Germany’s Russia policy fraught with errors, says president

German President Frank-Walter Steinmeier arrives for a meting with Lithuania's President Gitanas Nauseda at the President's palace in Vilnius, Lithuania, Thursday, March 3, 2022. (AP Photo/Mindaugas Kulbis)
By Dénes Albert
3 Min Read

Germany’s relationship with Russia has been shaped by a series of failures, German Federal President Frank-Walter Steinmeier told a non-public press conference in Berlin on Monday.

Steinmeier, who is also the country’s former foreign and chancellery minister, has been a major player in the evolution of diplomatic and foreign policy between the two countries.

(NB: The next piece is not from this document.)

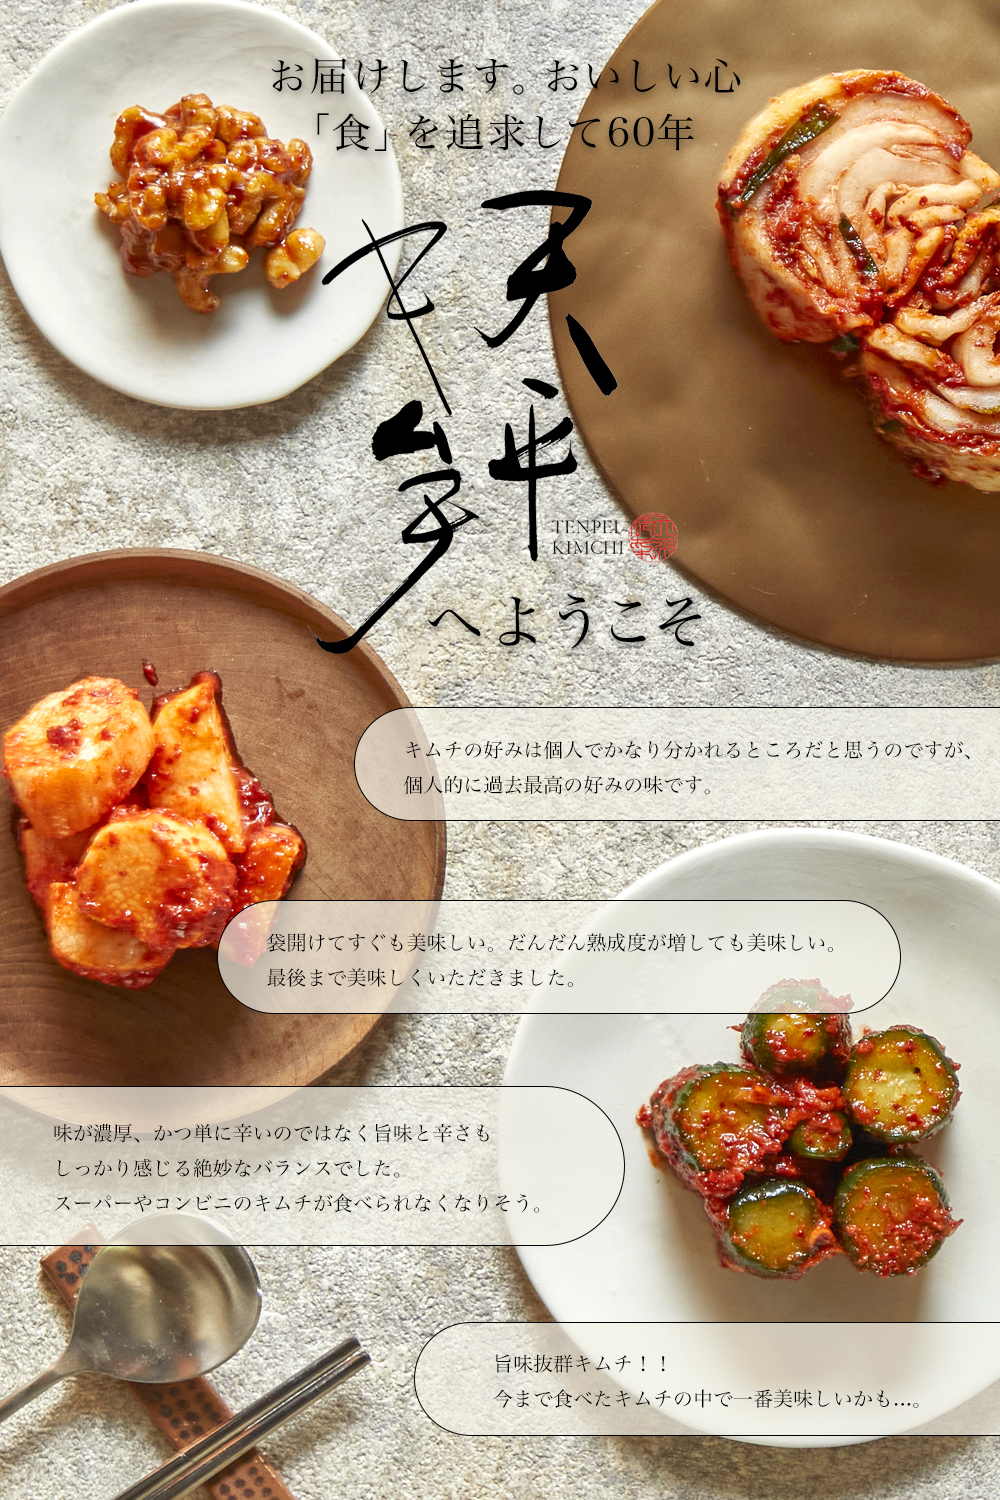  channja 300g kimchi . tsukemono pickles your order gift present sake. .. Korea chili pepper delicacy heaven flat kimchi

In response to criticism of Germany’s lukewarm support of Ukraine and suggestions by Western press and commentators that Germany enjoys an exaggerated and unprincipled friendship with Russia, Steinmeier told journalists the Berlin leadership had “clung to bridges in which Russia did not believe in,” despite warnings from partners.

He revealed that he considered it his personal fault to stick with the Nord Stream 2, the pipeline project that sought to connect Russia with Germany and bypass Ukraine and Poland.

Steinmeier admitted how efforts to build a “common European house” in which Russia will find a home had failed, and insisted no one had been involved in a “common security architecture.”

The former minister held the balance of Russia’s policy in recent times had been “bitter,” but unequivocally placed the blame for the Russian invasion of Ukraine on Russian President Vladimir Putin.

“We don’t have to take that responsibility, but that doesn’t mean we shouldn’t have to rethink some of the things where we’ve made mistakes,” Steinmeier said.

The German federal president explained that before the aggression against Ukraine, his assessment was that Putin would not risk the complete economic, political and moral destruction of his country just to fulfill his “imperial mania” ambitions.

It wasn’t a correct assessment, and Steinmeier admitted that “like others, I was wrong about that,” adding that a return to pre-war diplomacy with Russia was impossible while Putin remains in power.

Steinmeier’s remarks came on the same day Germany expelled 40 Russian diplomats after the alleged war crimes by Russian forces in Ukrainian towns such as Bucha were exposed. Russia denies that its forces committed the crimes, and accuses Ukrainians of identifying and shooting pro-Russian civilians and passing off their deaths as Russian war crimes.